Equinor in a June 15 strategy update said it is aiming to slash net carbon intensity by 20% by 2030 and 40% by 2035, ramp up the share of gross capital expenditures set aside for renewables and low-carbon solutions from 4% in 2020 to over 50% by 2030, and develop the capacity to store 15 million tonnes per year of CO2 to 30 Mt/y by 2035.
Additionally, Equinor is aiming to achieve an installed capacity of 12 GW to 16 GW by 2030 and provide clean hydrogen in three to five industrial clusters by 2035. The company plans to invest around $23 billion in renewables from 2021 to 2026.
In a same-day note, analysts at Jefferies said most of these goals by Equinor currently represent the highest or one of the highest targets in the sector. For instance, Royal Dutch Shell PLC only targeted 25 Mt/y of CO2 capture and storage by 2035, the analysts said.
Equinor's updated strategy comes as the pressure from investors for more climate action continues to heat up for oil and gas majors.
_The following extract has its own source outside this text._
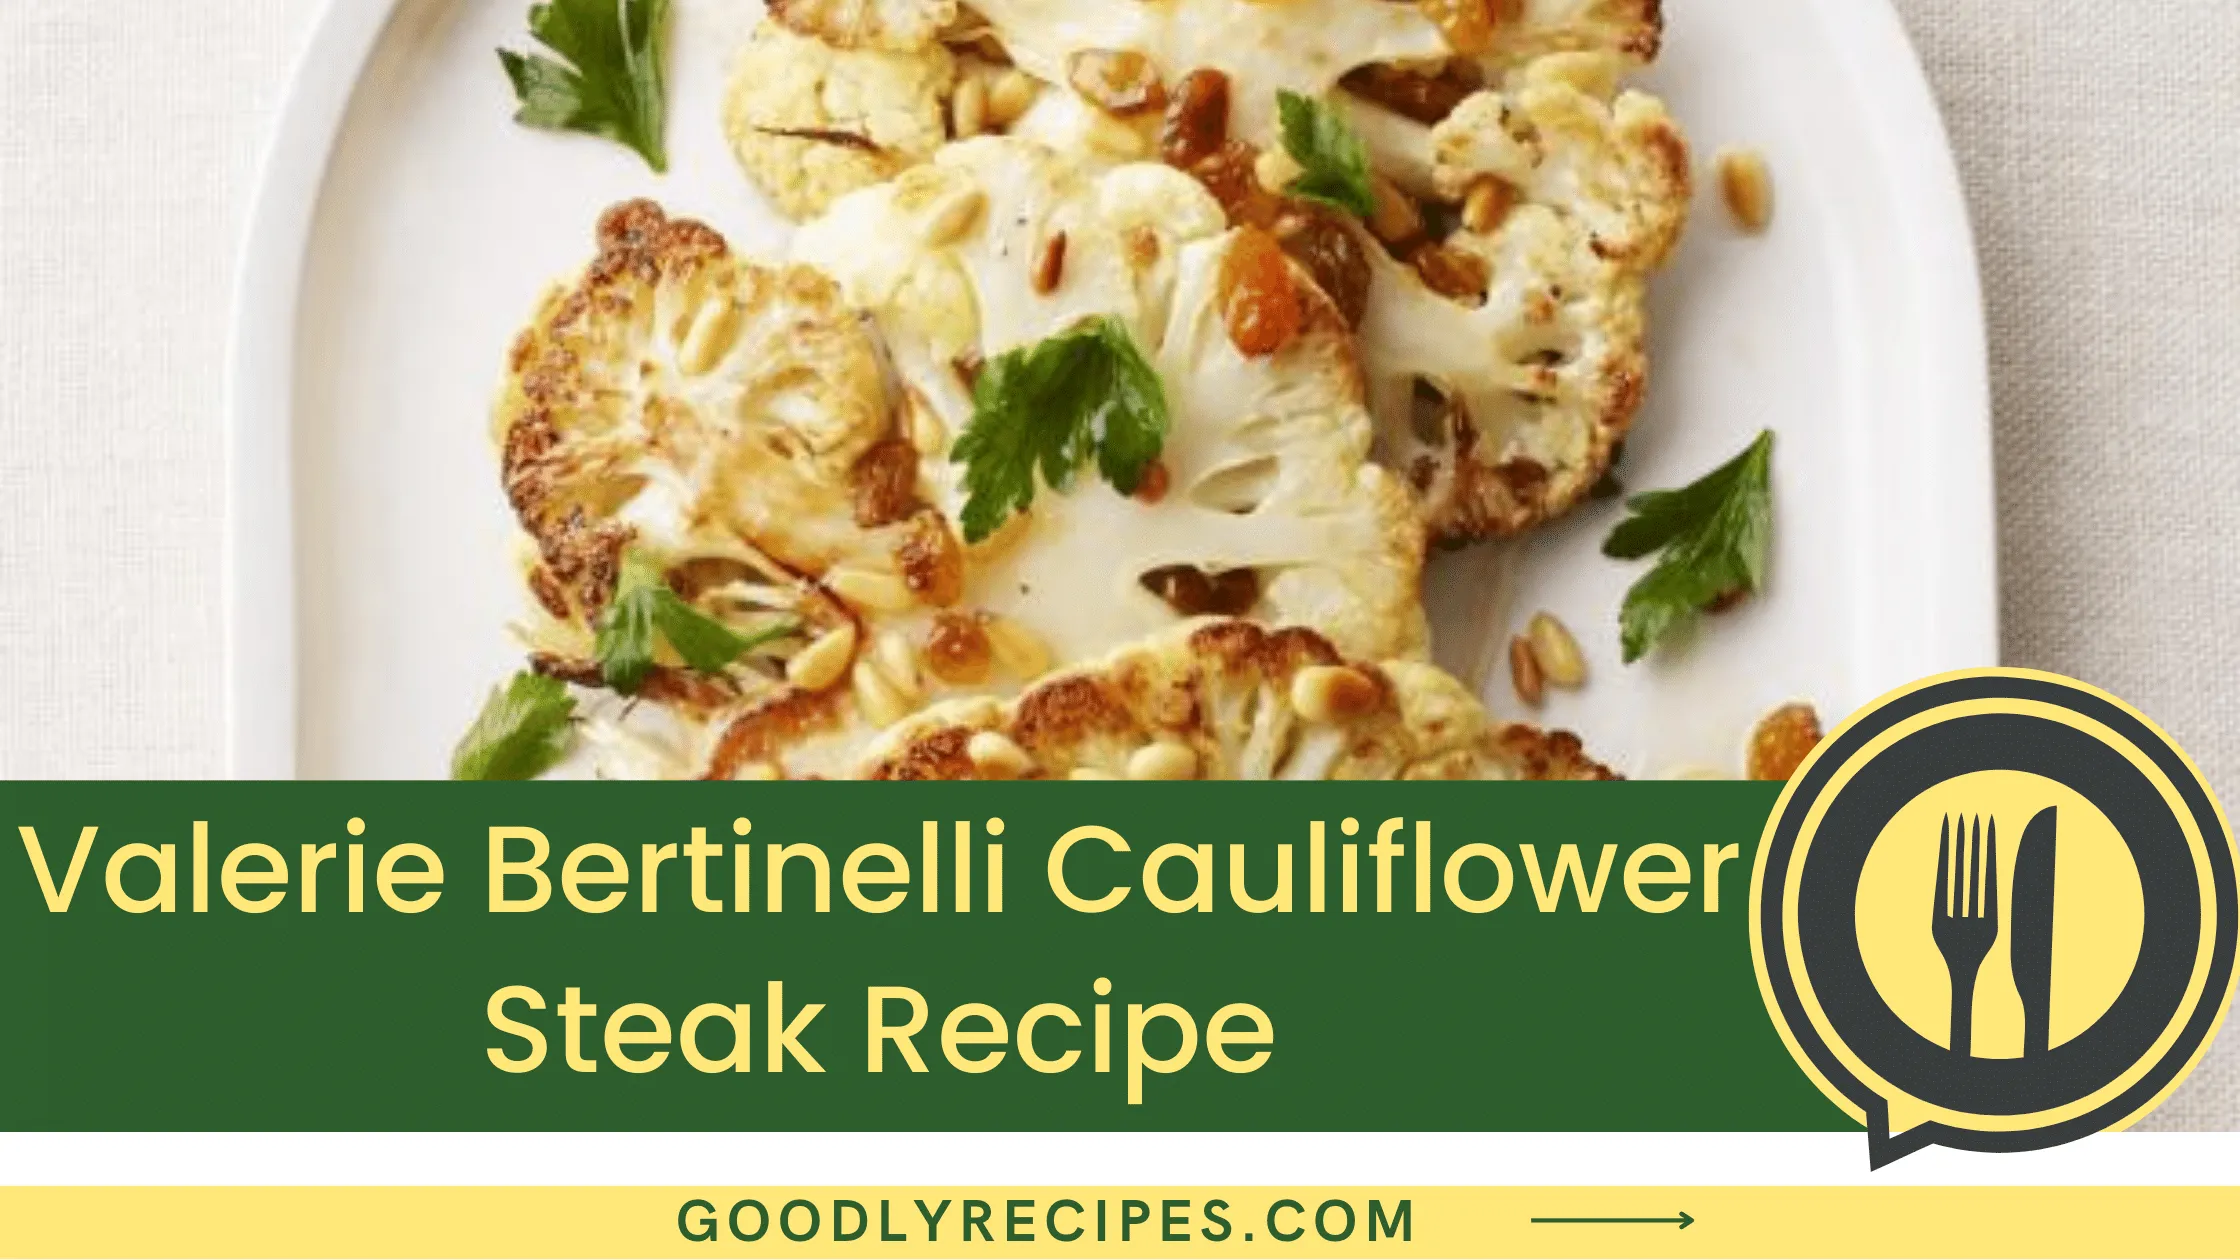 Valerie Bertinelli Cauliflower Steak Recipe - For Food Lovers

In January 2020, the company said it was aiming to become "near zero" by 2050 and only fully committed to being a net-zero energy company by 2050 in November 2020.
"This is a business strategy to ensure long-term competitiveness during a period with profound changes in the energy systems, as society moves towards net-zero," said Equinor President and CEO Anders Opedal. "We will continue to cut emissions, and in the longer term, Equinor expects to produce less oil and gas than today, recognizing reducing demand. Significant growth within renewables and low carbon solutions will increase the pace of change towards 2030 and 2035."
However, the Jefferies analysts noted a "disappointment" in the financial side of Equinor's strategy, which included a boost in quarterly cash dividend to 18 cents per share, an anticipated free cash flow of about $35 billion before capital distribution in 2021 to 2026 and a 12% return on capital employed in 2021 to 2030.
Equinor also unveiled a new $1.2 billion share buyback program starting 2022, canceling its previous $5 billion buyback program. Two tranches of the new program, each amounting to $300 million, will be launched during the year.
"Shareholder returns are lower than expected," the analysts said. "As expected, Equinor introduced a new capital return framework: Dividend is expected to grow inline with long-term earnings, and a new buyback program ... will start from after [second-quarter] results. [Second-quarter] dividend is also increased by 20% [quarter over quarter] to [18 cents]. This level of returns appears low (implying a 6% yield in 2021) compared to other sector peers."
Equinor estimates its organic capital expenditures at an average of $9 billion to $10 billion for 2021 to 2022 and at $12 billion for 2023 to 2024, while production growth from 2020 to 2021 is expected to be 2%.